Unlike what most parents believe, the best learning happens during play time much more than through lessons or classes.
Babies learn about and interact with their environment during play time. Their ability to love and trust are created through interactions with others. When children are playing, they are learning.
While playing, a child’s brain takes in information using all five senses (sound, sight, touch, taste, and smell). These stimulate the brain and create the foundation for future learning and development.
Researchers have identified at least six different types of play. Engaging in all of types is healthy and there are opportunities for all of them in the daily life.

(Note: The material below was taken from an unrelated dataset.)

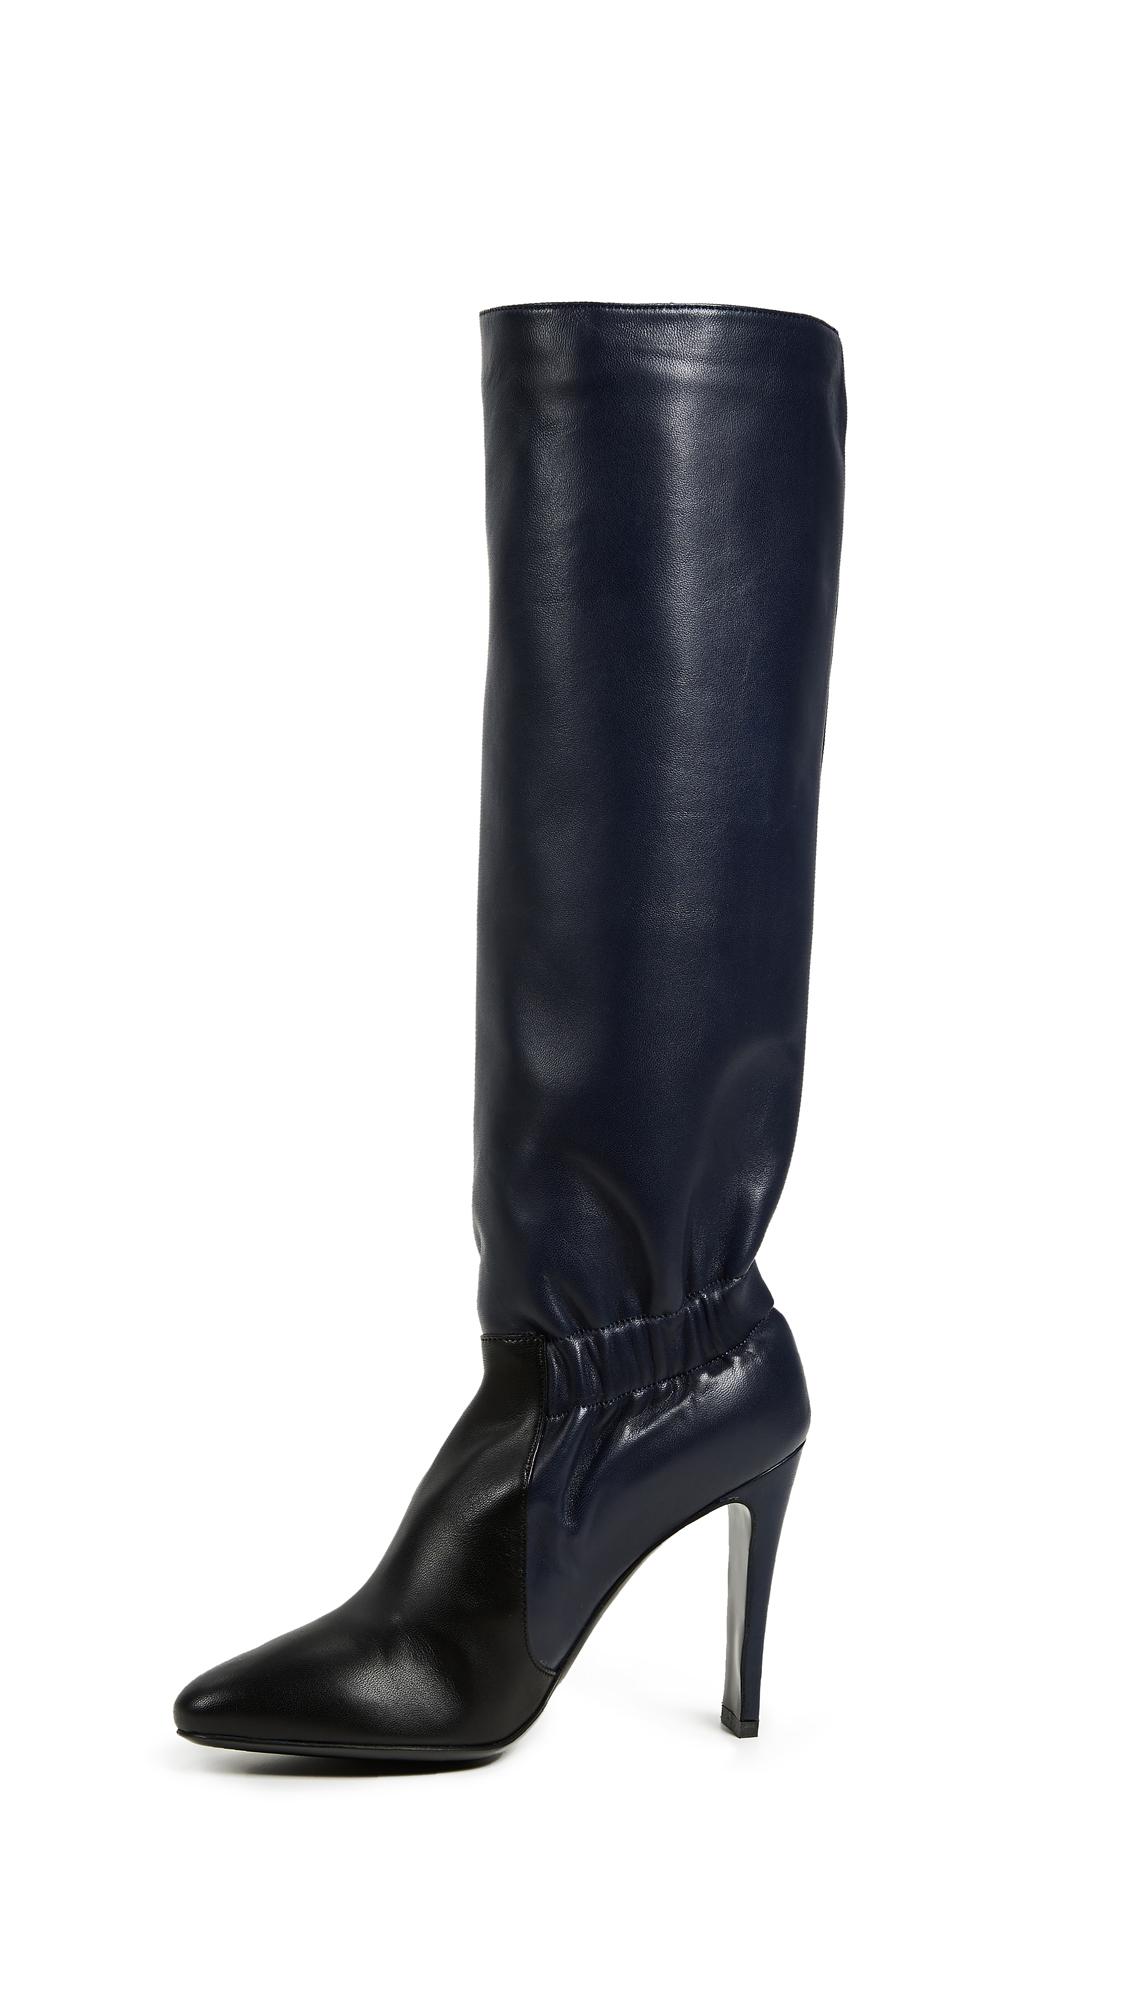 Laurence Dacade Shadia Boots - Navy/Black

1. Independent play: While playing alone, your child learns to concentrate, think, come up with creative ideas, and regulate emotions.
2. Parallel Play: involves children playing alongside but without much interaction, but the children are often playing with the same toys and engaged in a similar activity. Parallel play teaches observation skills, how to get along with others, as well as ways to work independently.
3. Cooperative Play: is a more organized and the child plays as part of a larger group that has a collective goal (making an art project / putting on a skit). During cooperative play, the role of leader and follower are often visible.
4. Skill Mastery Play: occurs when a child is learning to do something new. Often, she uses trial and error to repeat the same skill over and over. (learning to throw a ball, ride a bike, swim, or swing independently).
5. Sensory Motor Play: occurs when children use their five senses and their motor skills (playing with sand, mud, water or clay).
6. Tumble Play: is when children engage in activities with intensity and energy (tag, tackle). Dads are often more likely to engage in rough and tumble play.
Children learn by repeating the same activity again and again. Unlike what most parents believe, the best learning happens during play much more than through lessons or classes. The best way is to let the child make the rules and play along. The best way to teach a new skill is to show your child how something works, then step back and give them a chance to try.
Most importantly, child proof the area and allow your child to play freely.